We can express this as:

\[ distance = x + 4 - \sqrt{\frac{1 - x^2}{2}} \]

And plotting this:

Code

import pandas as pd
import numpy as np

df = pd.DataFrame(
    np.arange(-1, 1.01, 0.01),
    columns=["x"]
).set_index("x")

df["distance"] = df.index + 4 - ((1 - df.index**2) / 2)**0.5
df.plot() ; None

We can see that the minimum distance is between -1 and -0.75. It should be possible to find the point by calculating the derivative of this equation. Wolfram Alpha tells me that it is

\[ \frac{d}{dx} = \frac{x}{\sqrt{2 - 2x^2}} + 1 \]
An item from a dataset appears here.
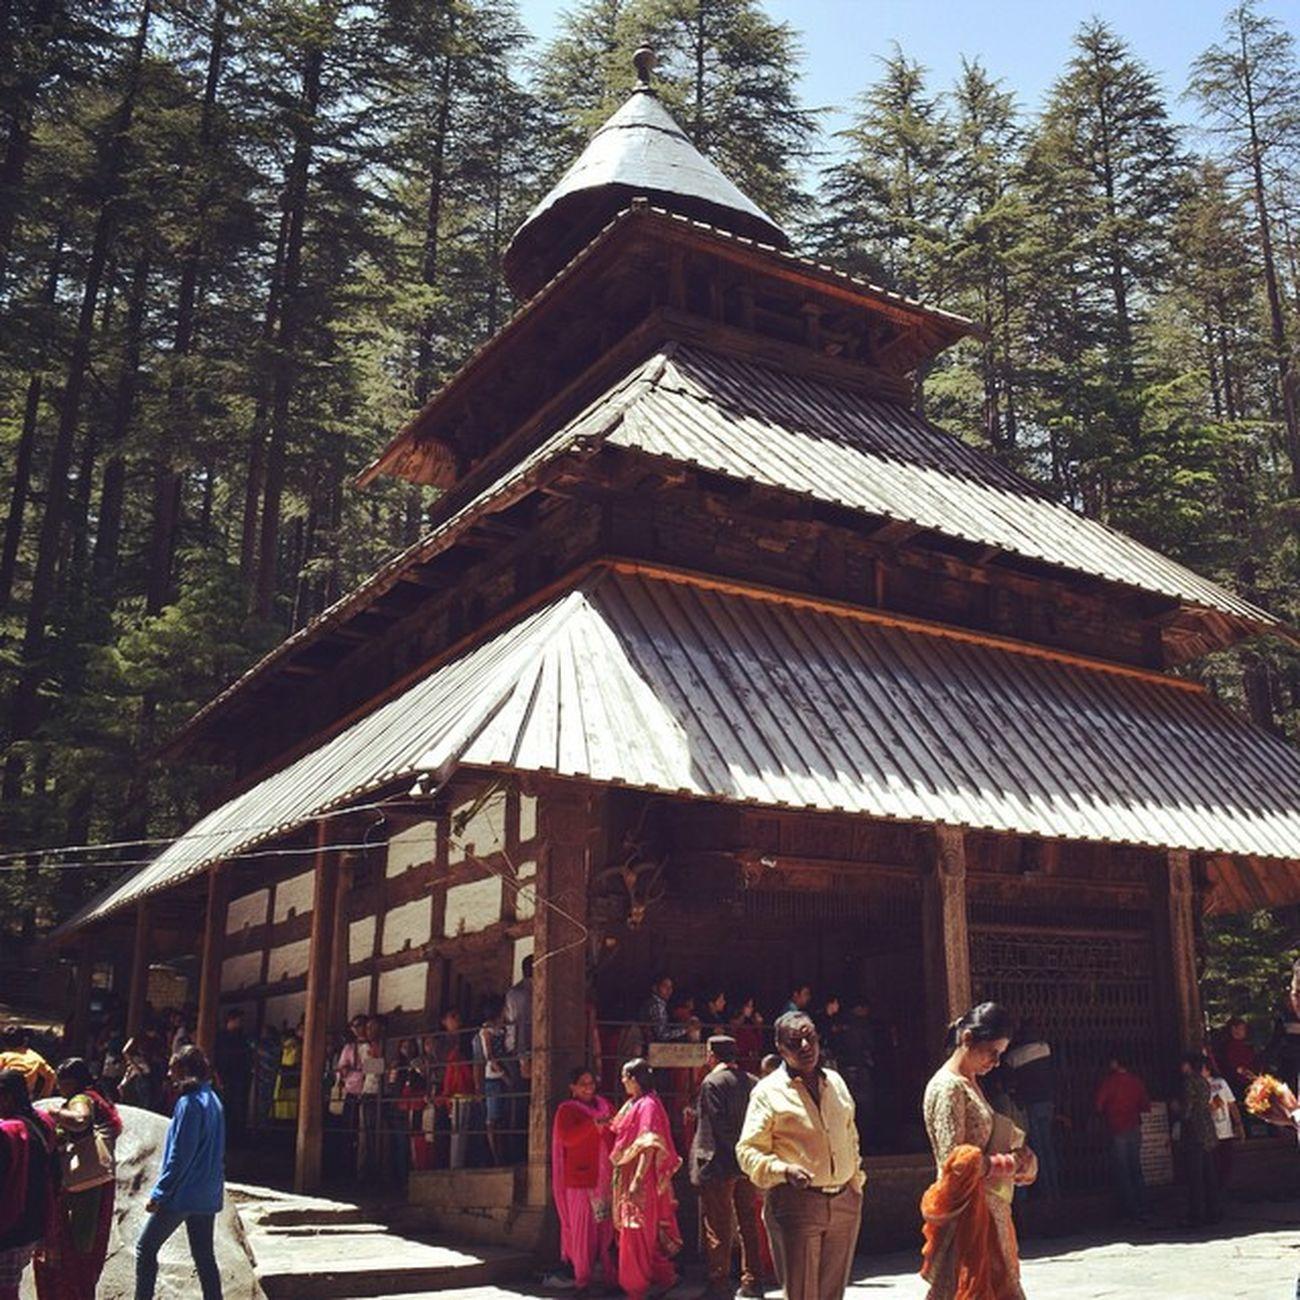 Hidimba_devi Temple Manali Himachal Himachal Pradesh Insta_himachal India Beas Wooden Forest Van_vihar Religious  Place Wonderful Cave_temple

To calculate the closest point, I need to find where

\[ \frac{x}{\sqrt{2 - 2x^2}} + 1 = 0 \]

I’m lazy so I’m using wolfram alpha again, which tells me the answer is \(x = - \sqrt{\frac{2}{3}}\). We can plug this into the equation to verify it:

\[ \begin{aligned} \frac{x}{\sqrt{2 - 2x^2}} + 1 &= 0 \\ \frac{- \sqrt{\frac{2}{3}}}{\sqrt{2 - 2\left(- \sqrt{\frac{2}{3}}\right)^2}} + 1 &= 0 \\ \frac{- \sqrt{\frac{2}{3}}}{\sqrt{2 - 2\frac{2}{3}}} + 1 &= 0 \\ \frac{- \sqrt{\frac{2}{3}}}{\sqrt{\frac{6}{3} - \frac{4}{3}}} + 1 &= 0 \\ 1 - \frac{\sqrt{\frac{2}{3}}}{\sqrt{\frac{2}{3}}} &= 0 \\ 1 - 1 &= 0 \\ \end{aligned} \]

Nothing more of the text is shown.